OK. Suppose if I don't use the plugin, but I do run 360 Total Security AV outside the Sandbox. Would you expect the AV to be able automatically check any downloads in Chrome, within the Sandbox? For example suppose I accidentally download an .exe which contains a virus using Chrome in my Sandbox. Does the AV see this download during the download process inside the Sandbox? If not, will it see it if I run the .exe within the Sandbox? Or maybe it only detects it when I recover the file? Or have I misunderstood altogether, do I need to run my AV inside the Sandbox? Sorry for my dumb questions.

Most A/V software will "see" downloads coming into the sandbox session. I cannot speak specifically for this one. Of course, once you recover it to your host machine..it's on your machine. The you hope that this A/V can detect any and all malicious exploits. Once you commit to moving that file to your host, you're outside of the isolation and at the mercy to your local A/V product.

[bo.elam]

Would you expect the AV to be able automatically check any downloads in Chrome, within the Sandbox? For example suppose I accidentally download an .exe which contains a virus using Chrome in my Sandbox. Does the AV see this download during the download process inside the Sandbox? If not, will it see it if I run the .exe within the Sandbox? Or maybe it only detects it when I recover the file? Or have I misunderstood altogether, do I need to run my AV inside the Sandbox? Sorry for my dumb questions.

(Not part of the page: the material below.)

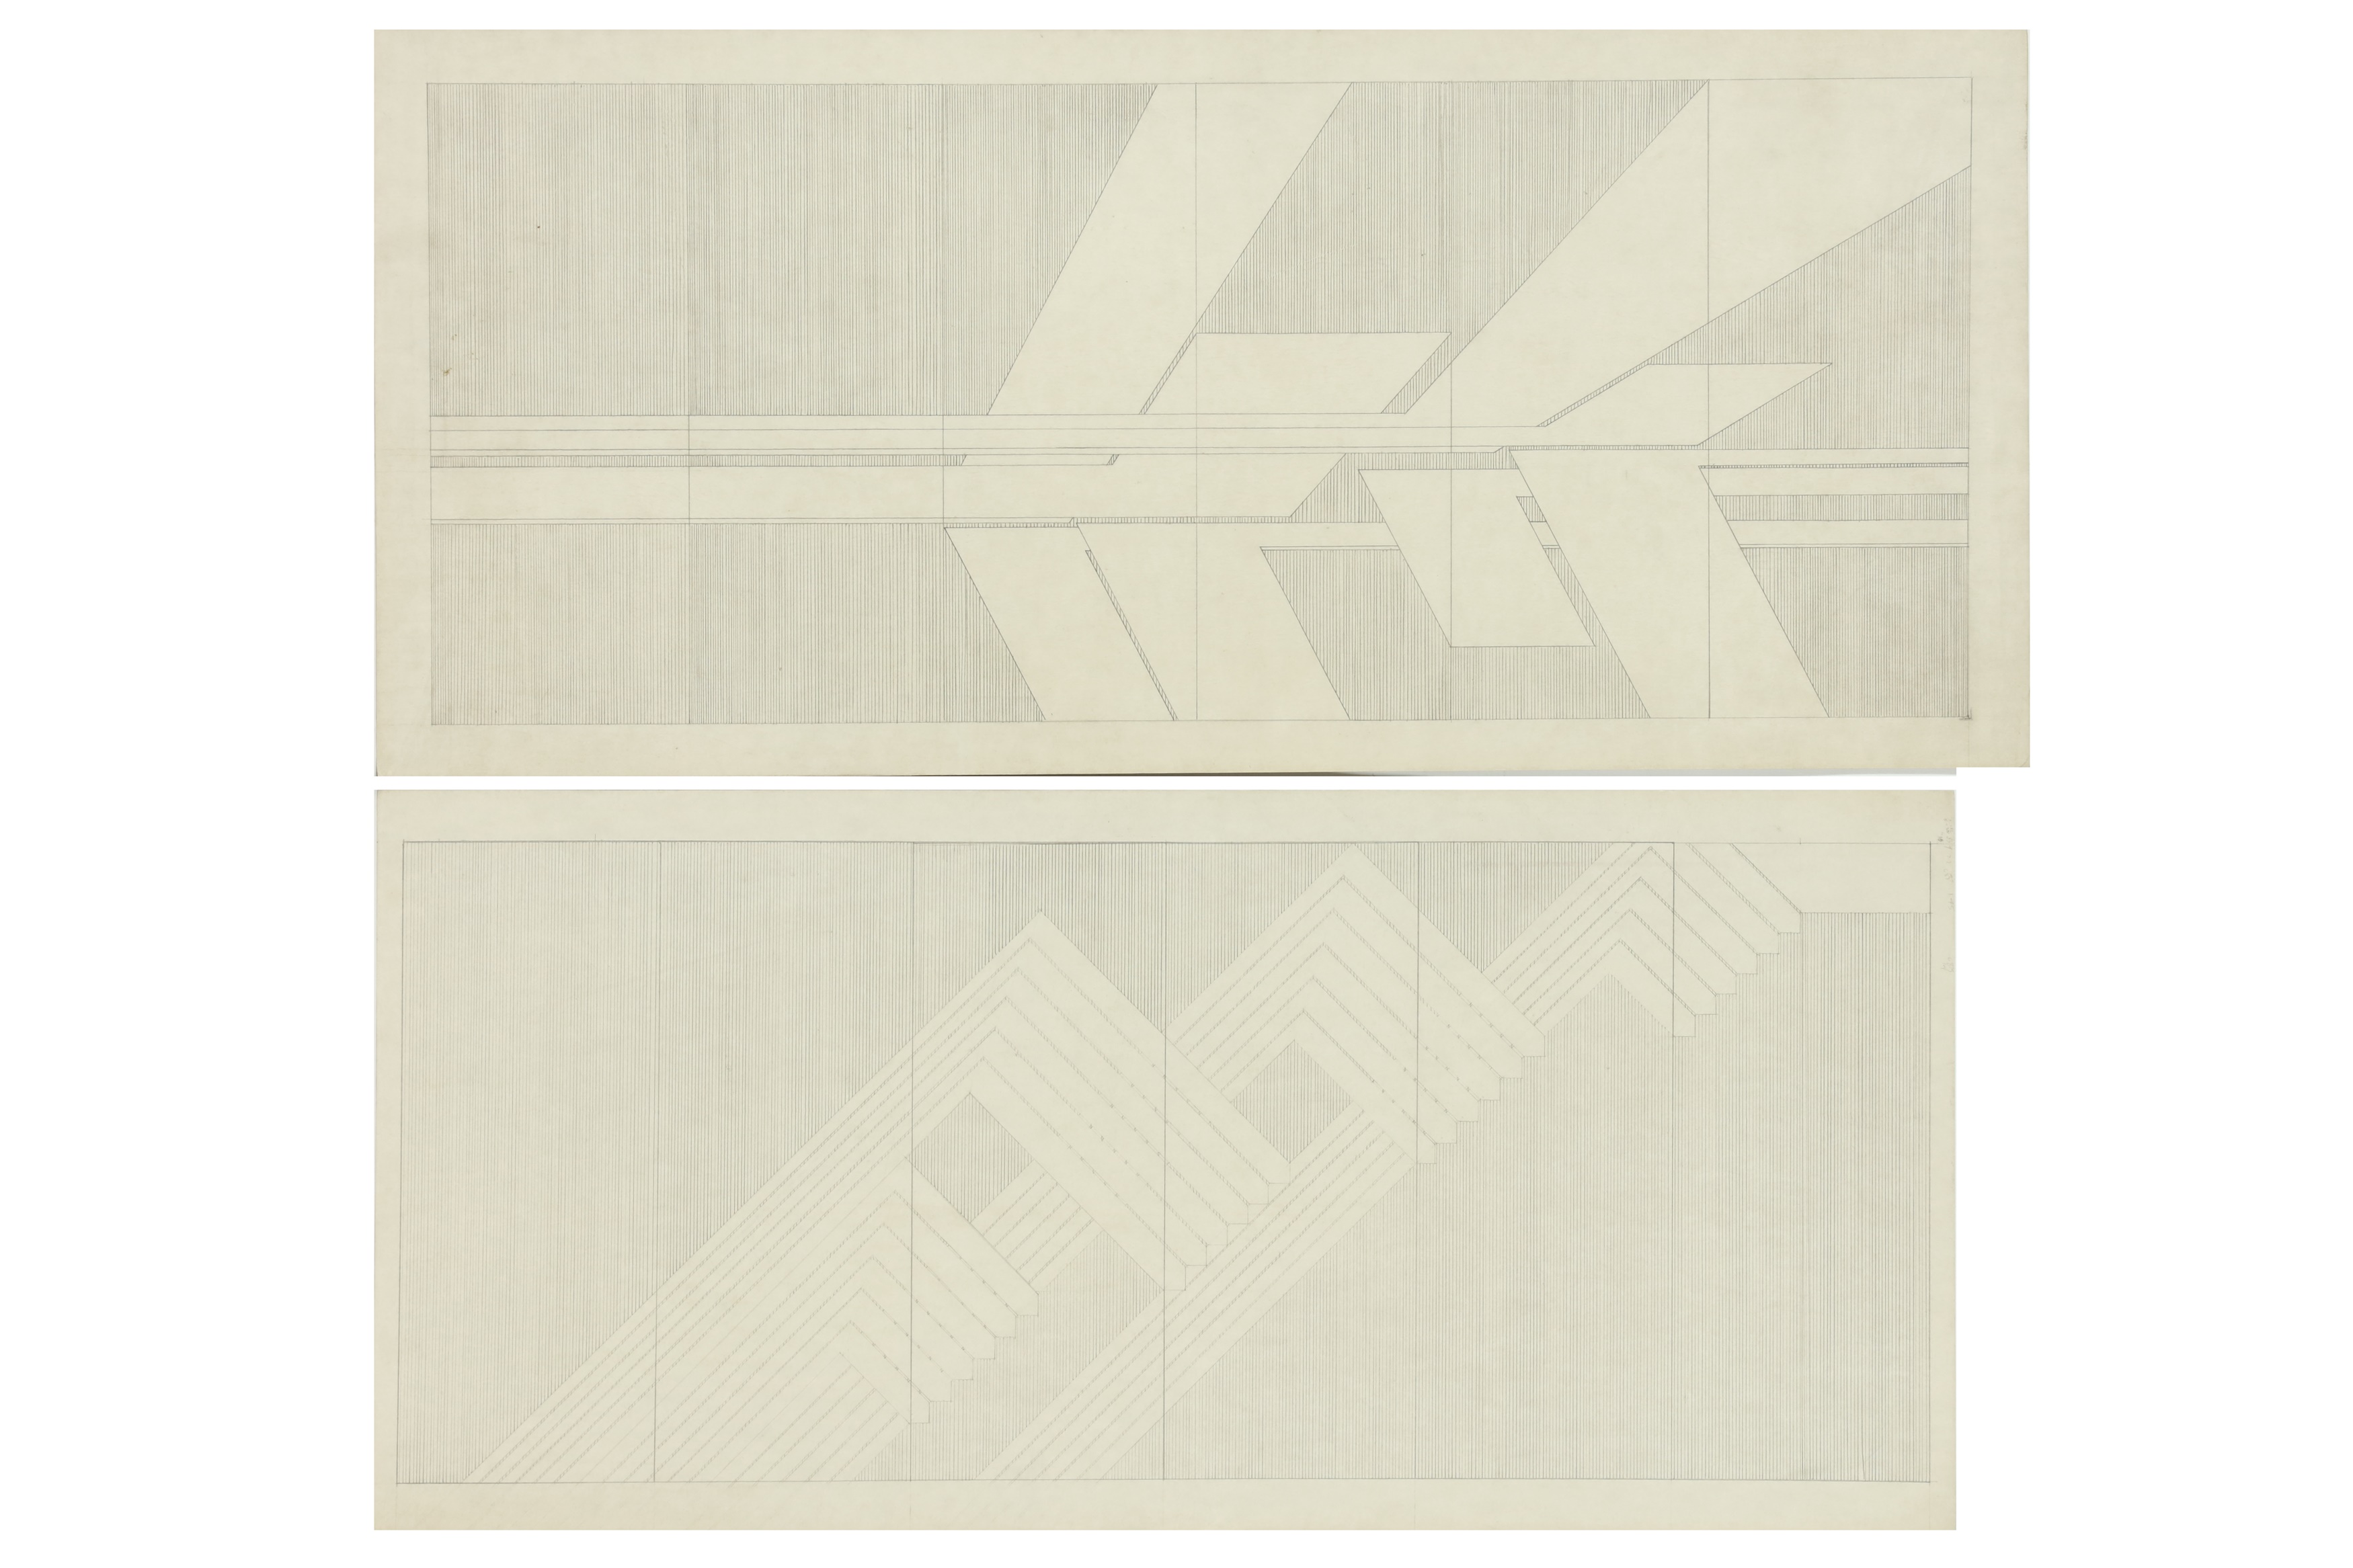 ABSTRACT GEOMETRIC DESIGNS MID 20TH CENTURY - Image 4 of 4

I think most antiviruses check the download as they are created in the PC. If Qihoo works that way and its working properly along SBIE, then it should scan downloads as they get created in the sandbox. You can test to see if Qihoo scans files within the sandbox by running the Eicar test.
http://www.eicar.org/85-0-Download.html

One way you can avoid depending on antiviruses after you recover files out of your browser sandbox is to continue running files sandboxed even after they are recovered. Thats exactly what I do. For example, you can set a folder as your Downloads folder and force this folder, that way files that run out of there, would run sandboxed automatically. This is perfect for exes you download. Any exe that executes out of a forced folder, runs sandboxed.

Bo

[adrianvincent]

Excellent, many thanks for your help. I tried downloading the EICAR virus test files with following results.

eicar.com was deleted by my AV as it was downloaded
eicar.com.txt was deleted by my AV as it was downloaded
eicar_com.zip was downloaded OK, but as soon as I opened the zip file the content was deleted by my AV
eicarcom2.zip was downloaded OK, but as soon as I opened the zip file the content was deleted by my AV

My setup is as follows

Browser - Google Chrome 48.0.2564.97 running inside Sandboxie 5.06 64 bit
AV - 360 Total Security 8.2.0.1066 running outside the Sandboxie
AV - 360 Internet Protection Plugin/Extension V2.0.14 for Chrome - not installed
OS - Windows 7 SP1 Home Premium 64 bit with no updates

So it seems that 360 Total Security can detect Viruses downloaded by Chrome inside Sandboxie without needing the AV Plugin. I'm happy!

Problem solved, I'm happy not to use the AV plugin.